To understand the convexity bias, you must understand the parallels between the Eurodollar futures market and the forward rate agreement (FRA) market. Both of these markets are large, liquid and have a vast influence on short-term interest rate pricing.
FRAs are an over the counter (OTC) bilateral agreement that allows the buyer/seller to notionally borrow/lend a specified amount at a ICE LIBOR-based linked rate over a forward period.
What is Convexity Bias?
Convexity bias appears in short-term interest rate instruments because of the payoff differences in the futures market versus the OTC FRA market (aka forward market).
For example, as Eurodollar futures (the underlying interest rate for Eurodollar futures) moves up and down, the payoff for the Eurodollar futures contract remains the same. If rates move up one basis point, the futures will change by $25.00 per contract. If rates move down one basis point, futures will also change by $25.00 per contract. Whether you profit or book a loss depends on if you are long or short on the futures.
With FRA agreements there is a convex payoff. Increases and decreases in rates produce differing payoffs. Its market value rises more for a given decline in rates than it would for a decline for the same size in the forward rate.
As rates decrease 10 basis points from 2.00 to 1.90, notice the Eurodollar (ED) futures lose $250,000, but the FRA payoff is 250,062. The same thing happens for an increase in rates. ED futures gain $250,000 but the FRA loses $62.00 less.
Remember ED futures move inversely with interest rates.
The table shows the convexity bias between a position of short 1000 Eurodollar (ED) futures and an offsetting short $1005m 3-month FRA (slightly more than $1000m to compensate for discounting methodology), both instigated at a rate of 2%.
- An increase in underlying rates from 2% to 2.10% would result in a credit to the variation margin account of short 1000 ED STIR position of $250,000 and a debit of slightly less than that in the discounted equivalent of $1005m-3M FRA collateral account (assuming zero threshold – zero threshold means every dollar of value change has to be made good.).
- A decrease in underlying rates of 10 basis points to 1.9% would result in a debit to the variation margin account of a short 1000 ED STIR position of $250,000 and a credit of slightly more than in the $1005m 3-month FRA collateral account (assuming zero threshold).
Source: STIR Futures—Trading Euribor and Eurodollar futures, by Stephen Aikin
The amount of the convexity is small at the short end of the curve. The example is using a three-month FRA and Eurodollar futures. Further out on the curve the convexity increases and sometimes dramatically.

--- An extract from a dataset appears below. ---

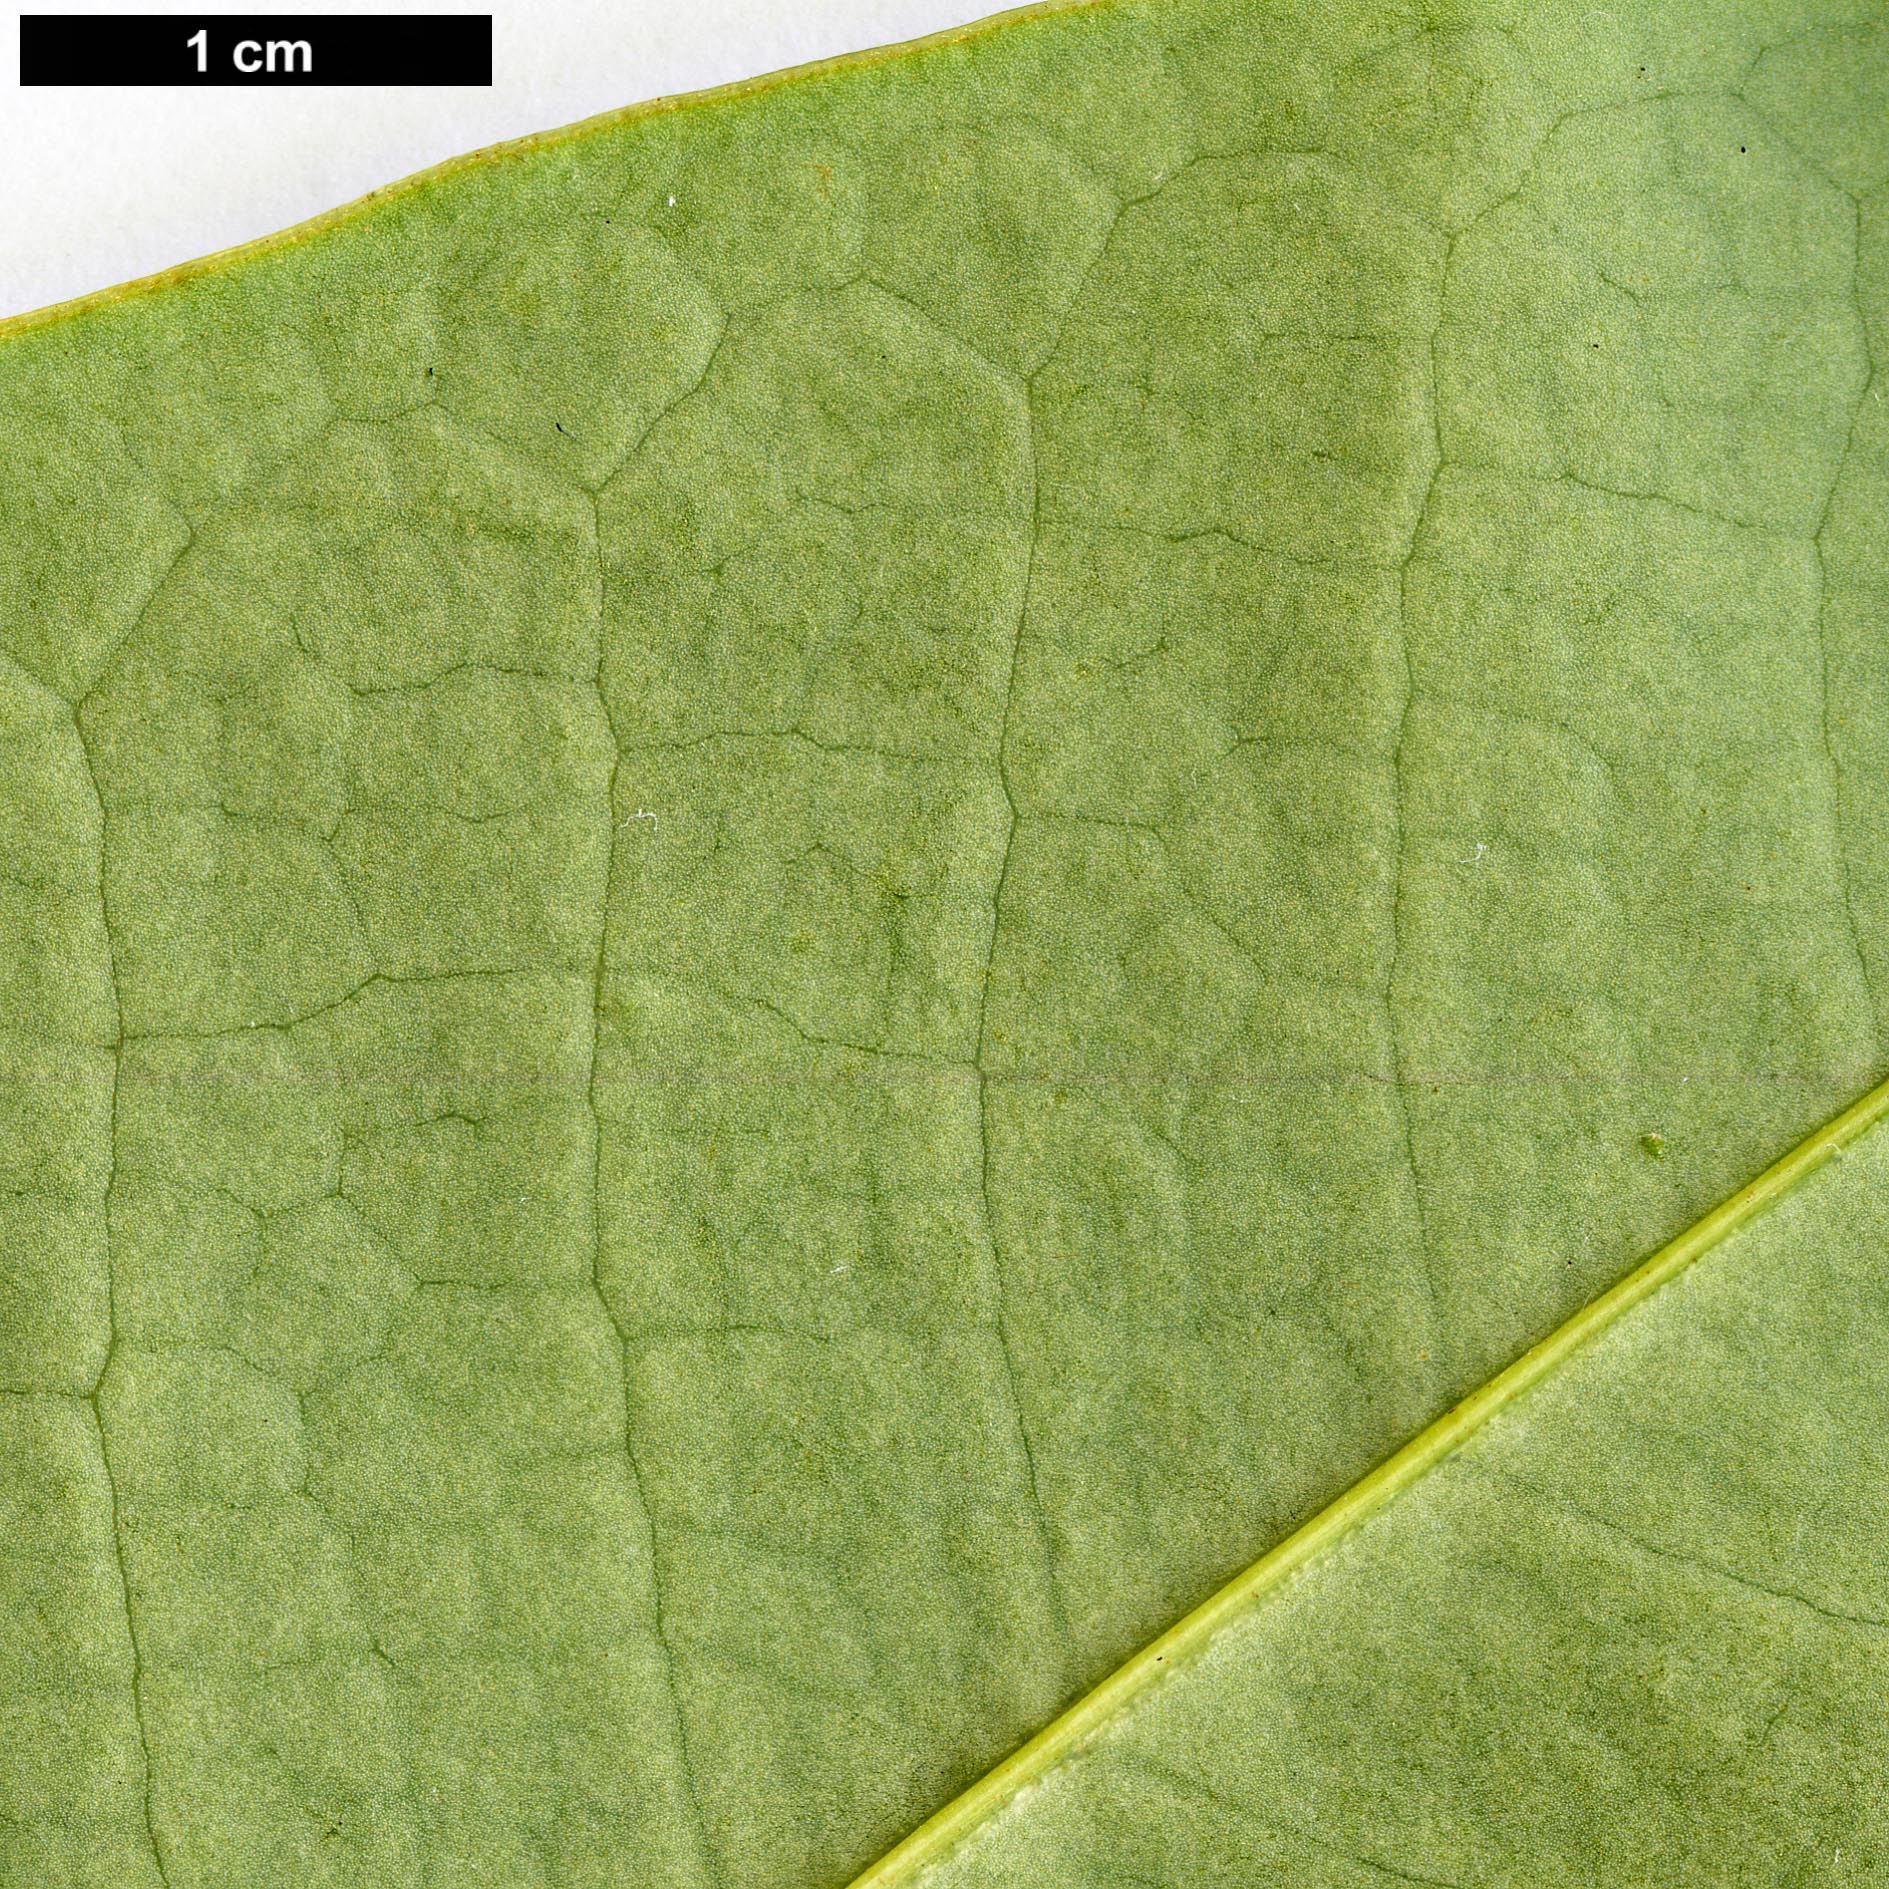 High resolution image: Family: Magnoliaceae - Genus: Magnolia - Taxon: grandis

Why is Convexity Important?
Although changes in the market have diminished the convexity phenomenon, fixed income traders have to be aware of the bias because of the effects on larger OTC transactions, like FRAs, that are further out on the yield curve. While the change might only be a few hundred dollars on a short term FRA, the changes in a 5-year FRA could be orders of magnitude higher, costing portfolio managers valuable capital.
Still the Eurodollar futures markets and the underlying FRA market closely track each other as spreading and arbitrage opportunities keep them from getting too far out of line.
What Contributes to Convexity Bias?
It is thought that the Convexity bias is due to the following:
- The way Eurodollar futures are margined versus an FRA instrument
- The cash flows paid out over the life of a futures contract versus an FRA. Futures are marked-to-market each day by the clearinghouse, while cash flows in an FRA are paid off differently.
- Volatility in the interest rate markets, generally increasing volatility could cause margin changes.
Over the years since the financial crisis, the convexity bias has significantly declined. Since many OTC swaps/FRAs etc. have migrated to central counterparty clearing models such as the exchanges, the margining similarities have contributed to a decline in the convexity bias.
Uncleared margin rules also have impacted funding on OTC trading such as swaps and forward rate agreements. Higher funding rates should, in theory, drive such transactions to the exchanges, such as CME Group, where margin benefits and margin offsets can be realized.